Task description:
From the line below that contains "Denta-Service (denta-service.uz) - официальный" to the line that contains "Căn nhà của", repeat every line exactly, both ends included, and nothing else.

Records to process:
★ ★ ★ ★

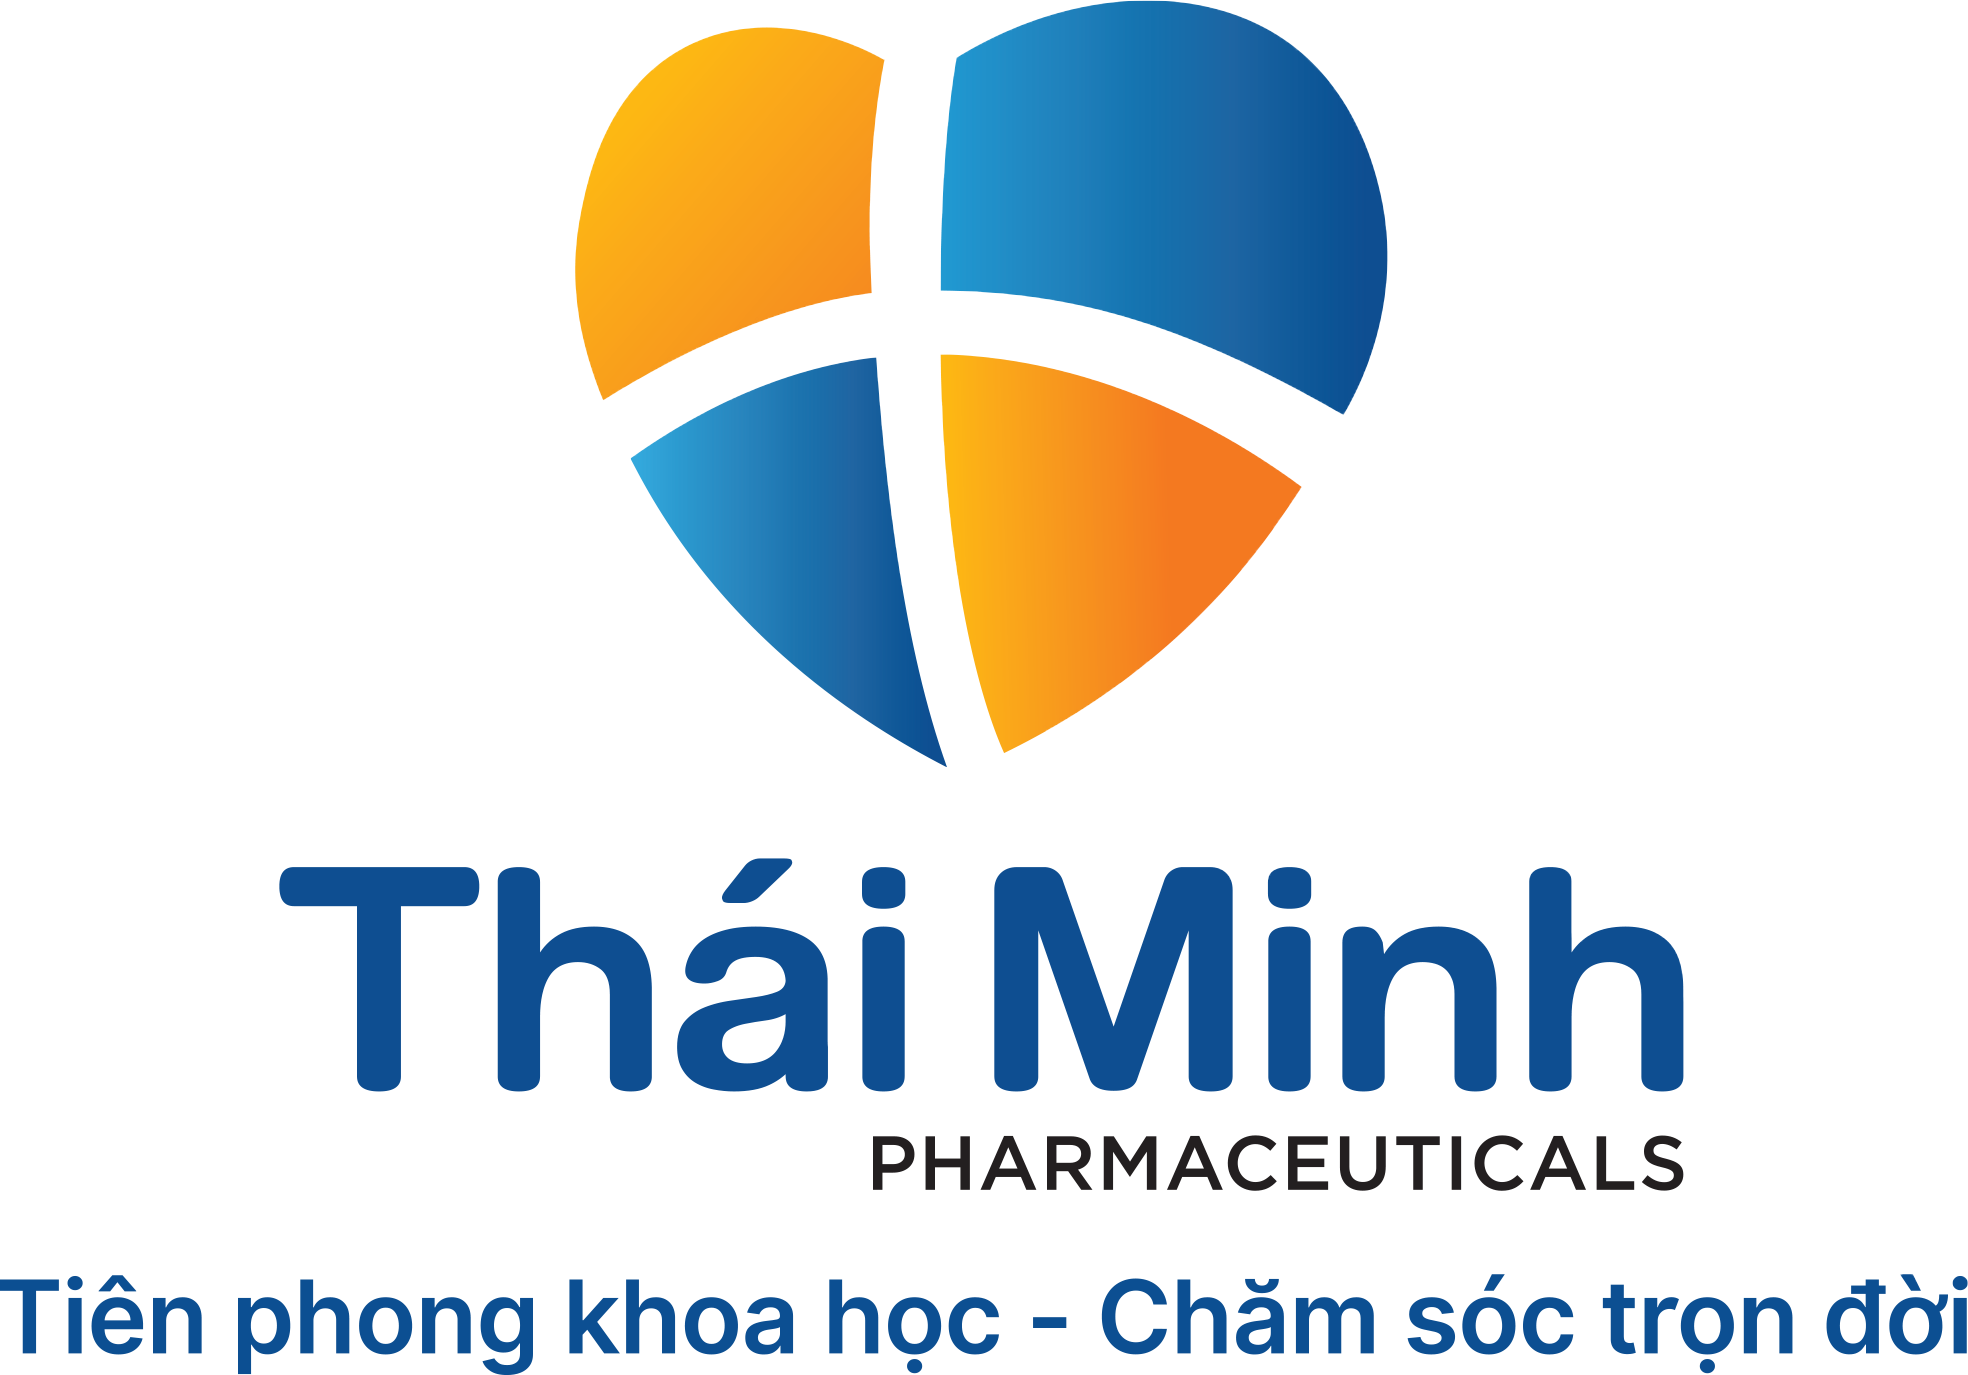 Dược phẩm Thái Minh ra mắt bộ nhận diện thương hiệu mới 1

★ ★ ★ ★

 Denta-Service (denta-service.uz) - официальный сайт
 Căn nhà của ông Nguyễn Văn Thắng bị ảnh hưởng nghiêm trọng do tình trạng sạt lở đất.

★ ★ ★ ★

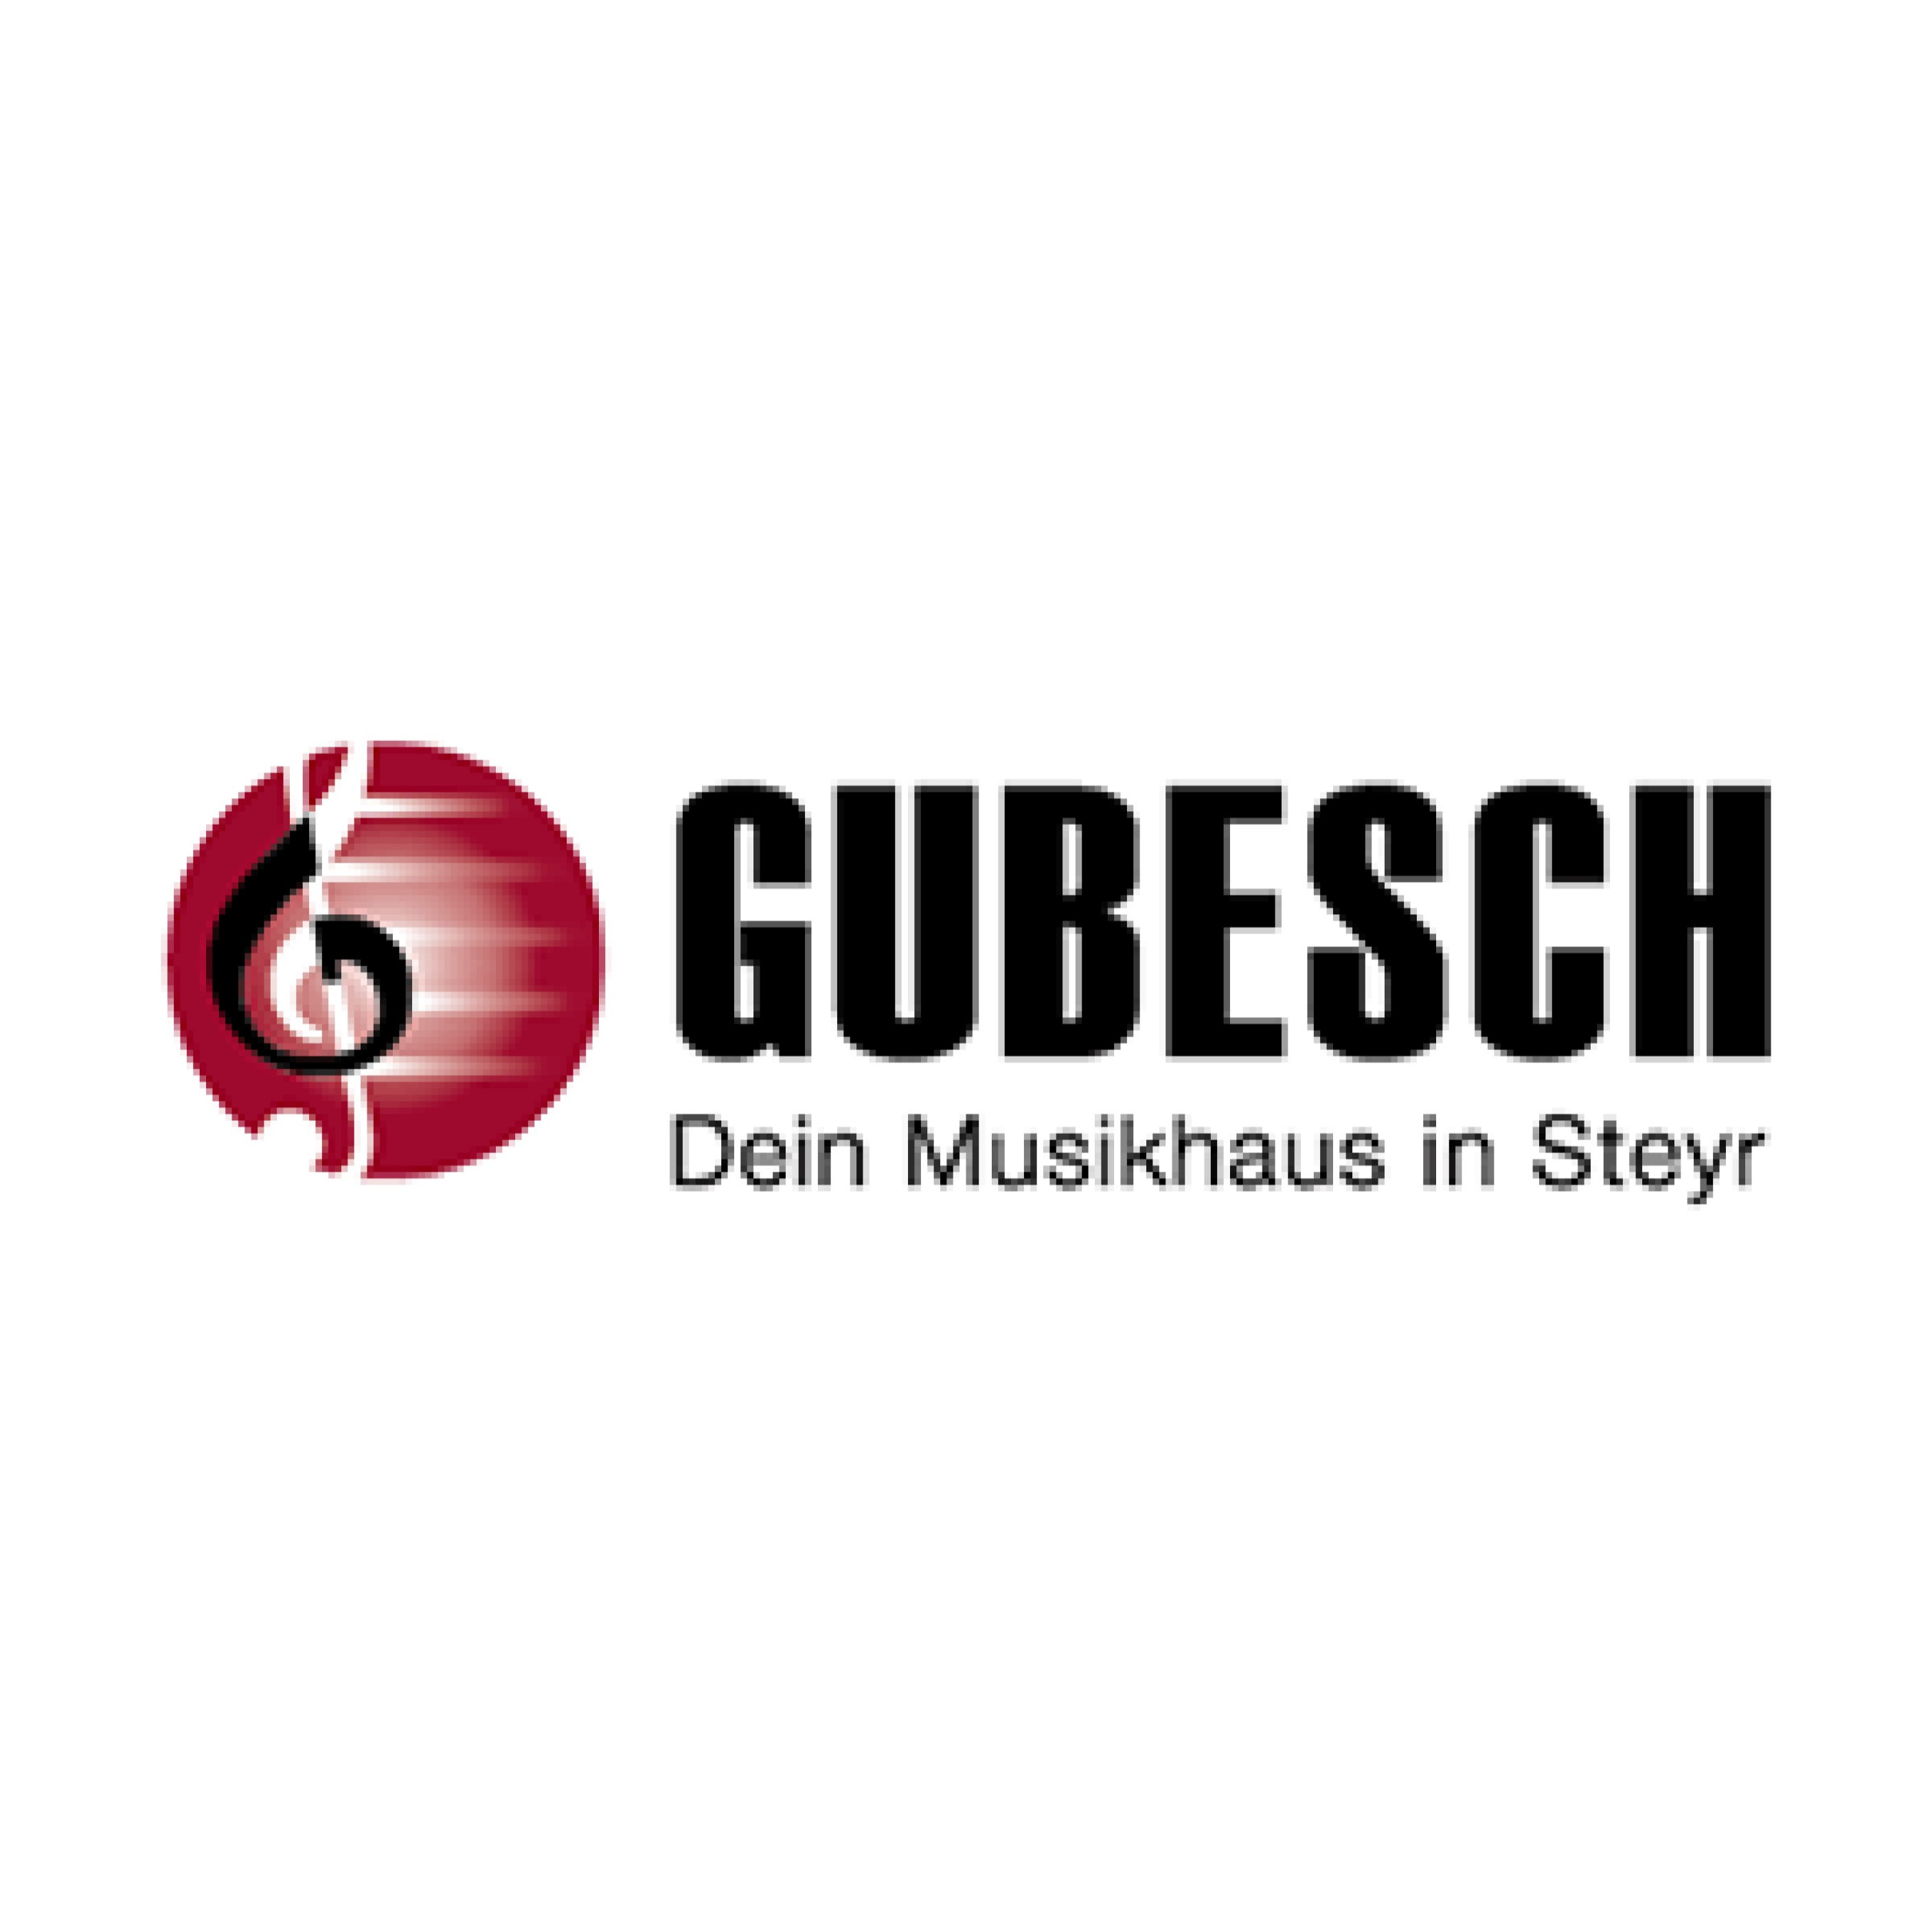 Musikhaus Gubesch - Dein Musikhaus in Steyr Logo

★ ★ ★ ★

Finished task:
 Denta-Service (denta-service.uz) - официальный сайт
 Căn nhà của ông Nguyễn Văn Thắng bị ảnh hưởng nghiêm trọng do tình trạng sạt lở đất.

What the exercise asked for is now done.